L’histoire à laquelle il est fait référence dans ces courtes fiches dont certaines feront date n’est pas aseptisée. En effet, les enseignements sont puisés non seulement dans un passé plus ou moins lointain – xixe siècle, Grande Guerre, Seconde Guerre mondiale autant que de besoin –, mais aussi très largement dans des expériences contemporaines, parfois encore douloureuses – Indochine, Algérie –, souvent en cours – Irak, Afghanistan, engagements divers d’aujourd’hui. L’histoire et l’expérience sont ainsi sollicitées avec discernement et une rare liberté d’esprit au service de l’élaboration de la pensée du chef, voire de sa décision : on ne sait dès lors ce qu’il faut le plus admirer, de l’acuité d’esprit et du courage intellectuel de l’auteur, ou de la sagesse du chef qui ose appeler celui-ci à ses côtés et affronter ainsi ses analyses décapantes.

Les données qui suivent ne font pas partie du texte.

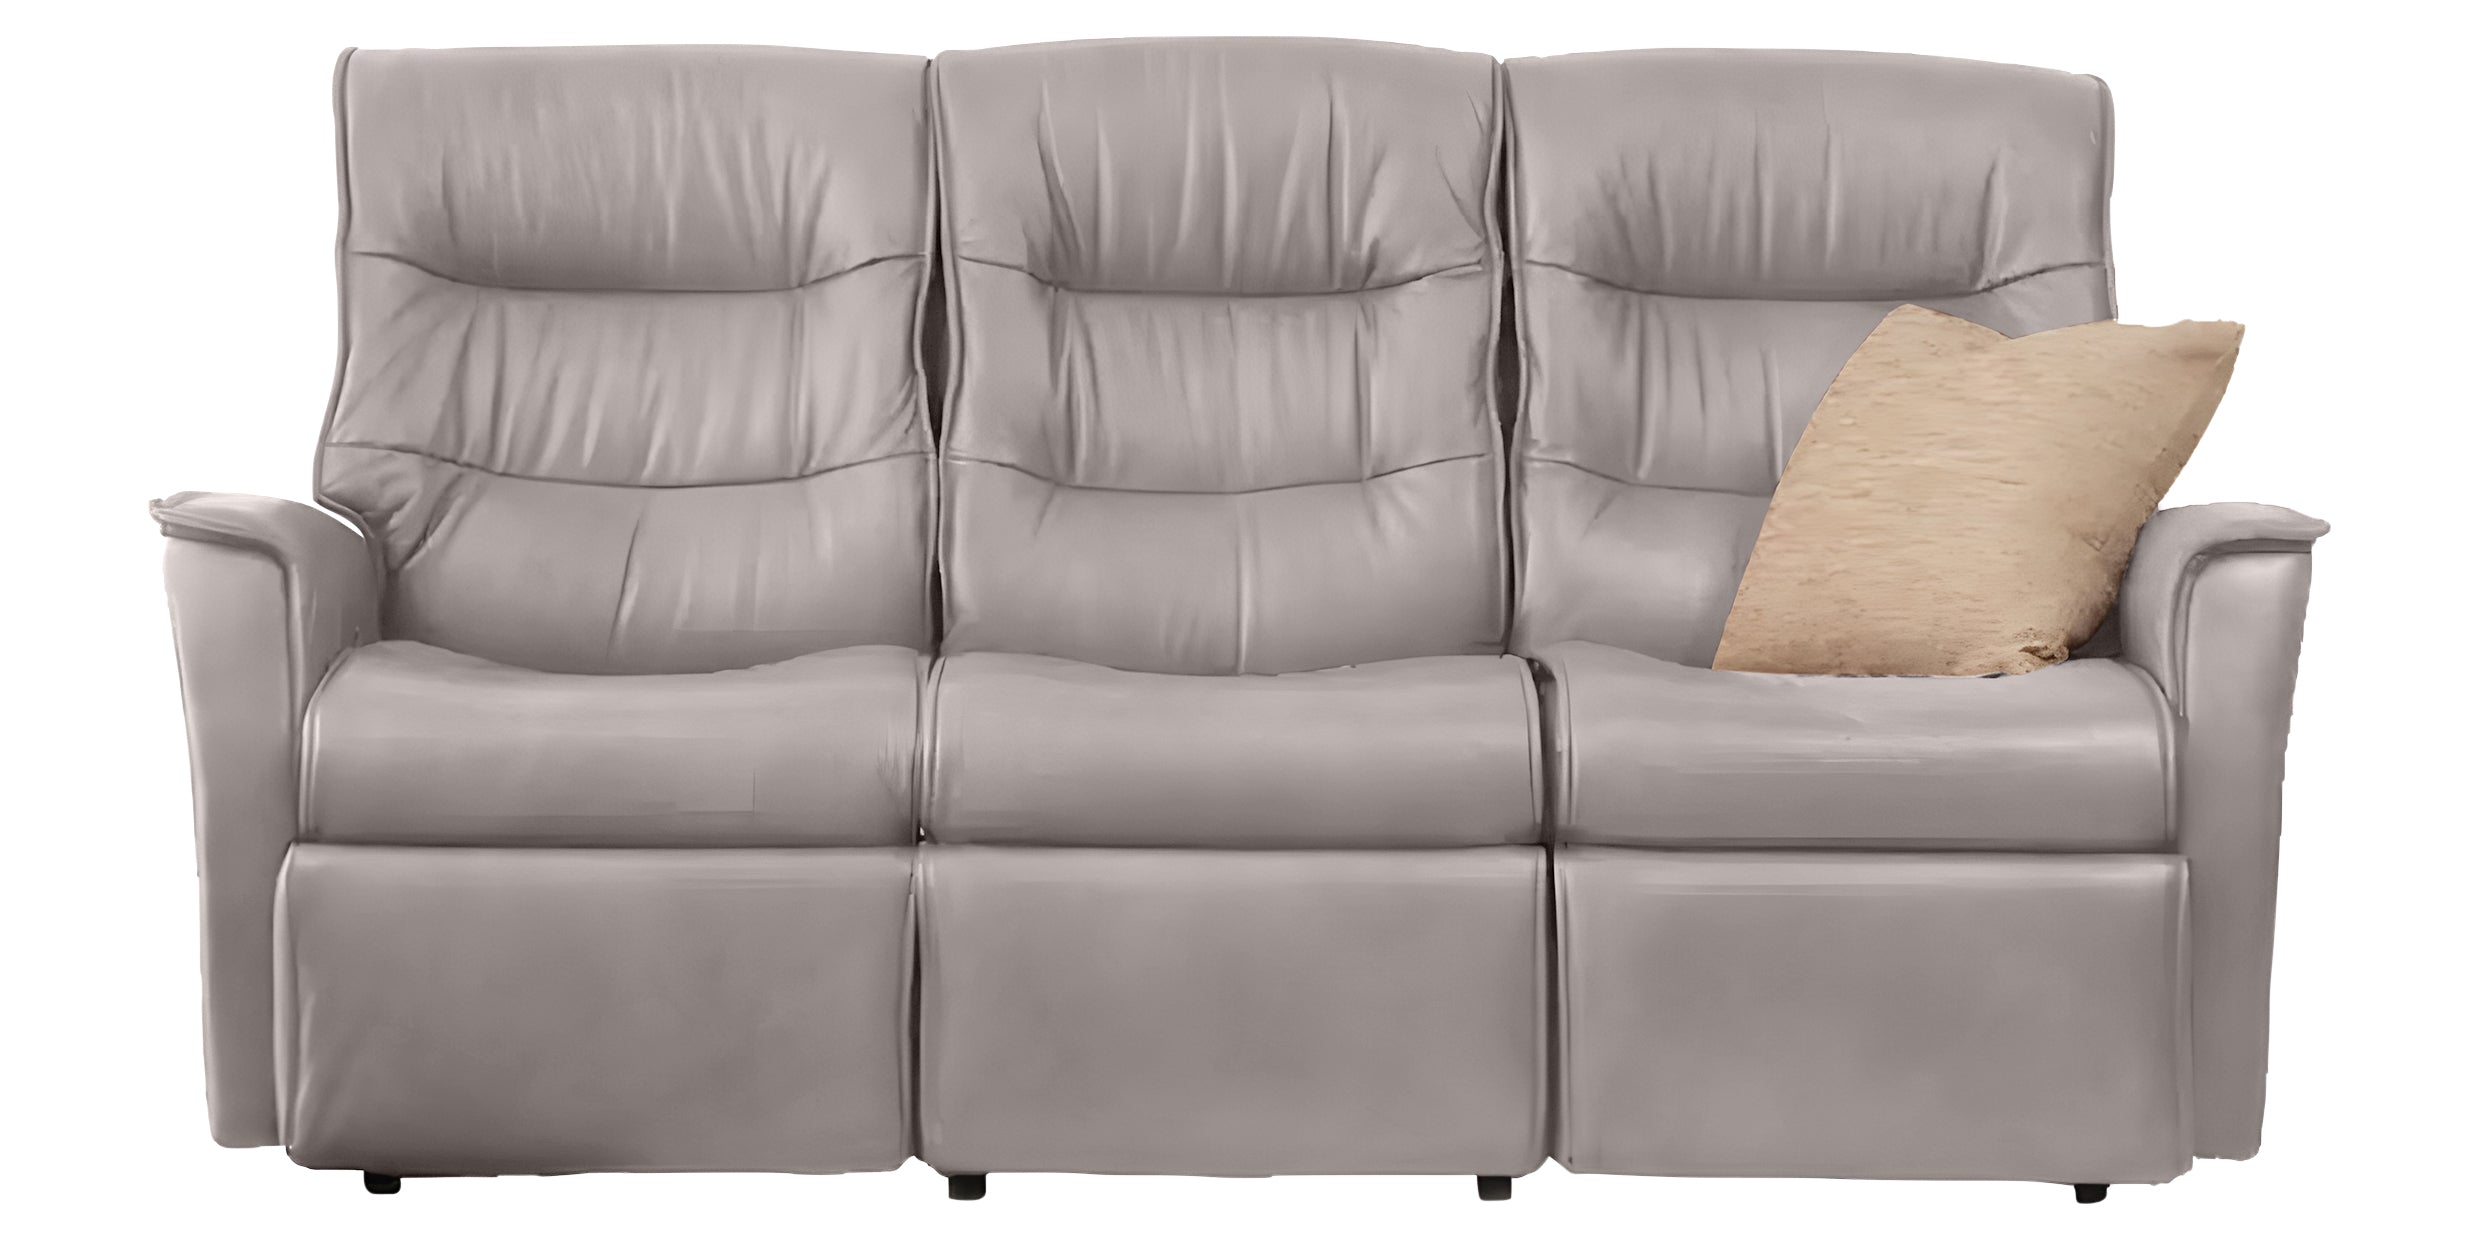 Trend Leather Cinder | Norwegian Comfort Paramount 3-Seater Wallsaver - Promo | Valley Ridge Furniture

De ces analyses – hors l’exemple tonique et sans lendemain du général de Lattre en Indochine –, il ressort une caractéristique récurrente : l’incroyable capacité humaine d’aveuglement individuel et collectif qui peut masquer, parfois longuement, la réalité et la singularité des situations concrètes, concourant ainsi aux décisions aberrantes et aux catastrophes. Or qui pourrait prétendre que les générations de notre temps sont plus clairvoyantes que celles du passé, ou que nos décideurs nationaux, politiques et militaires, ainsi que leurs états-majors, sont nécessairement plus avisés que leurs homologues d’Outre-Atlantique et d’ailleurs, lorsqu’il s’agit d’exemples étrangers contemporains ? Ainsi demeure la question, à laquelle le « retour d’expérience » ne donne pas la réponse : quelles sont aujourd’hui, sous nos yeux, les situations aberrantes, les décisions inadaptées, voire insensées, que notre esprit ne perçoit pas comme telles et dont il s’accommode ? À cet égard, les trois longues années du siège de Sarajevo, de 1992 à 1995, avec leurs dispositions militaires absurdes pourtant alors largement médiatisées, sont tristement éclairantes.

« Forger les convictions et les personnalités », « intelligence de situation », « ouverture d’esprit, curiosité intellectuelle, créativité », nous dit le général Georgelin dans sa préface. On peut y ajouter « caractère ». « Vaste programme ! », pour reprendre l’expression du général de Gaulle : puisse ce livre y concourir.